- Spokespeople recently returned from Samos camp available for interview
Asylum seekers staying in a new EU-funded refugee camp on the island of Samos are being detained illegally by Greek authorities following a yet unpublished decision from the Greek Minister for Migration and Asylum, based on information received by Amnesty International.
In line with the decision, since 17 November those without valid government-issued IDs (asylum cards) are barred from leaving the camp for an indefinite period of time. The decision applies to individuals who have had cards withdrawn as a result of unsuccessful asylum applications or newcomers yet to be issued with a card. According to unofficial estimates, around 100 of the approximately 450 residents have been prevented from leaving the prison-like premises for more than two weeks, in violation of their right to liberty.
“This camp more closely resembles a prison than a place to house people seeking safety. This is a gross misuse of EU money, and a gross abuse of the residents’ rights.Adriana Tidona, migration researcher at Amnesty International
The new EU-funded “closed-controlled centre” (KEDN) of Samos has been constructed in an isolated spot 6 km from the main city, Vathi. It can house up to 3000 people and is equipped with a rigid system of containment and surveillance, including double barbed wire metal fencing, CCTV throughout, and the 24/7 presence of patrolling police officers and privately contracted security officers.
Residents’ movements in and out of the camp, which are only allowed between 8 am and 8 pm, are subject to security checks, and take place via magnetic gates.
Individuals and families affected by the 17 November decision cannot leave the camp to perform daily chores, attend classes or community activities at the nearby NGO-run “Alpha land”, or to reach the city centre.
A., an Afghan man from Kabul, staying in the camp with his wife and children, has been in Greece since January 2020. His asylum claim was rejected multiple times and his asylum card withdrawn, leaving him unable to leave the facility. Before being transferred to KEDN, he and his family lived in the “jungle”, a spill-over settlement around the old Samos camp, infamous for its abysmal living conditions.
Speaking from the container where he lives with his family, he told Amnesty International that there is more security in the new camp, but notes: “They have been treating us like prisoners…You really go insane in this place. You can’t go back. You can’t go forward…I cannot really sleep…All the time we are living life with no purpose, with a lot of anxiety.” For the past five days, only his children have been allowed out of the camp to go to school.
H., an Afghan man in Greece since February 2020, whose asylum claim was twice rejected, has not left the camp for five days. Before the 17 November decision, he was active outside the camp:“I was studying English and volunteered outside the camp. In the last five days I feel that I am a prisoner. In the old camp, at least, I had my freedom.”
Amnesty International repeatedly expressed concerns about Greece’s replacement of open camps with “closed controlled centres”, questioning how the policy could be reconciled with human rights standards on the deprivation of liberty. Under international and EU law, asylum seekers should only be detained as a matter of last resort, after a detailed examination of their individual circumstances, for the shortest time possible and under a procedure prescribed by law which allows them to challenge the decision.

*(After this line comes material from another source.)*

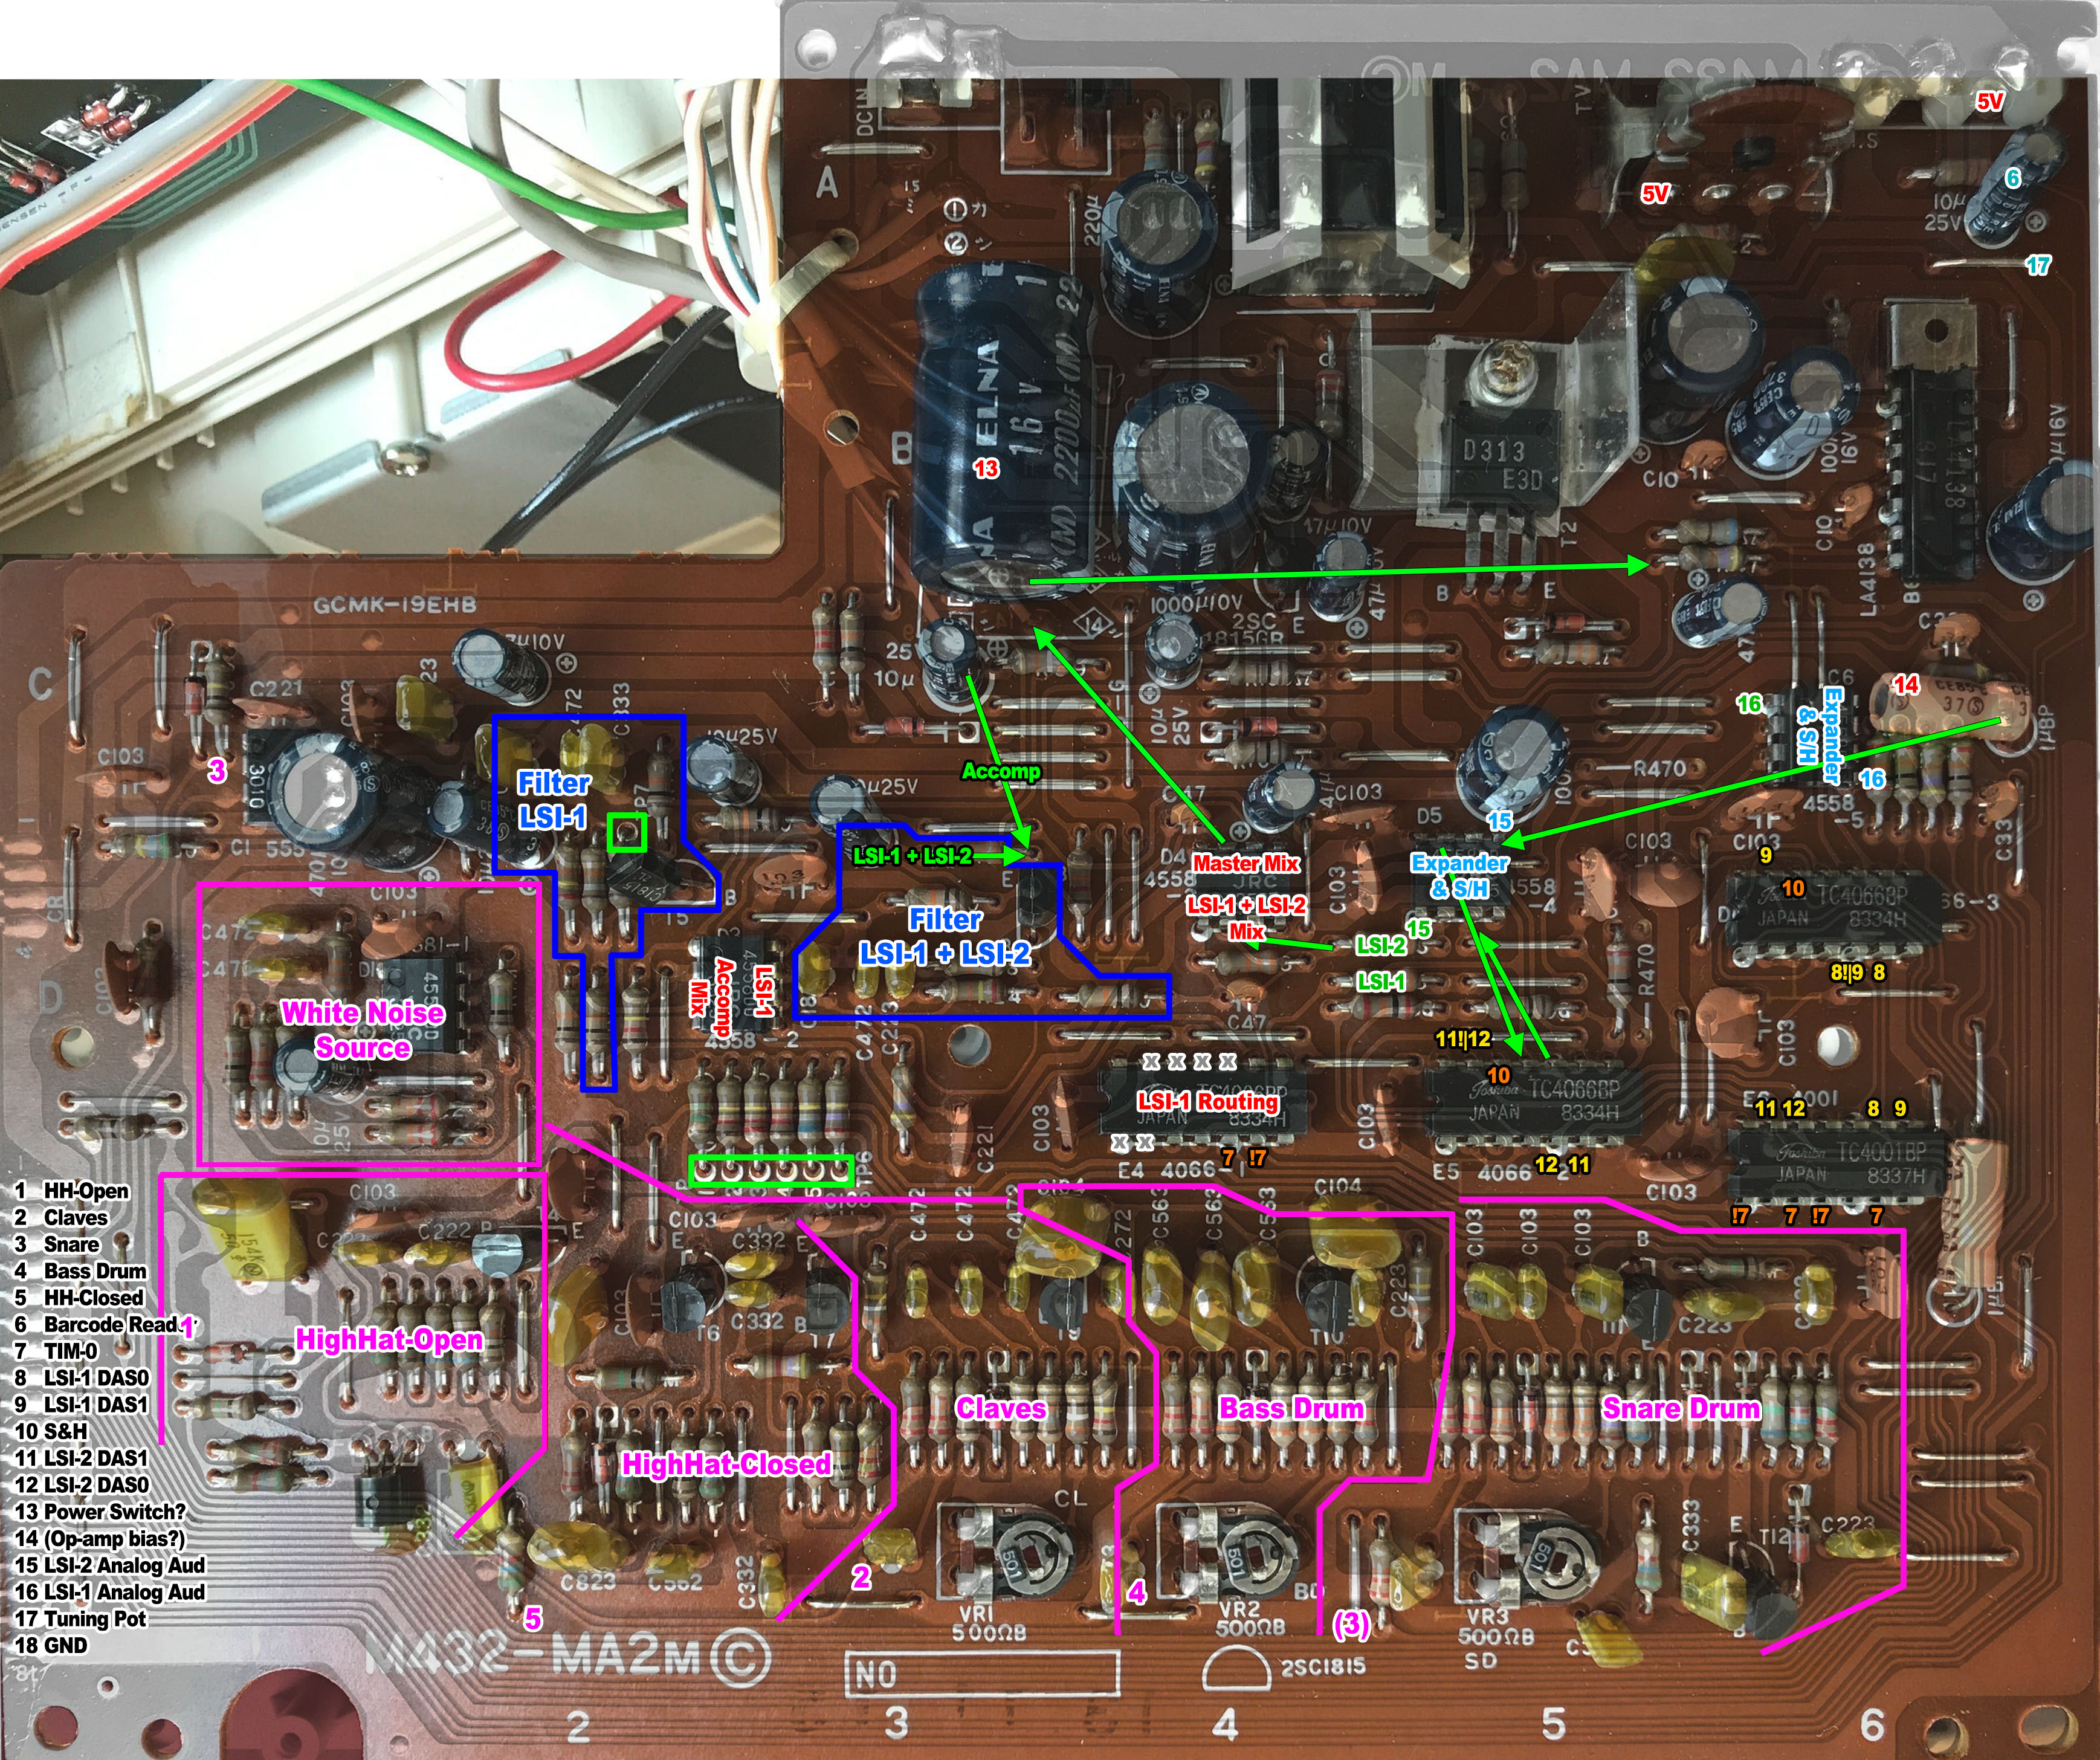 MT-70_Analog_Board_annotated.jpg

The residents of Samos camp are being deprived of their liberty automatically and en masse, on untransparent and illegitimate legal grounds, without being able to challenge their confinement, for an indefinite period of time.
“As we feared, Greek authorities are hiding behind the legally ambiguous concept of so called closed-controlled centres to illegally deprive asylum seekers of their liberty. We call on Greece to urgently withdraw this decision and lift the restrictions on the residents of Samos camp. The European Commission must also ensure respect for fundamental rights within EU funded facilities,” said Adriana Tidona.
An Amnesty International delegation visited the premises of the Samos “Closed Controlled Island Facility” (in Greek: Κλειστή Ελεγχόμενη Δομή Νήσων, KEDN) on 22 November 2021, on the fifth day of the restrictions, and met some of the affected residents.
The Samos KEDN was established with the help of 276 million EUR funding allocated by the European Commission for the construction of new facilities for asylum seekers on the Aegean islands, to replace the existing Government-managed open camps.
On 27 November, the Greek authorities inaugurated the KEDNs on Leros and Kos. Further KEDNs on Lesvos and Chios will follow.
In addition to restrictions of movements in Samos, asylum seekers across Greece have not been provided with any financial assistance for two months after it abruptly stopped when the management of the EU-funded cash assistance programme transferred from UNHCR to the Greek authorities. According to NGOs in Greece, approximately 34,000 asylum seekers are currently affected.
According to NGOs, since October 2021 Greek authorities have also stopped the provision of food and water to recognized refugees, and to asylum seekers whose application was rejected.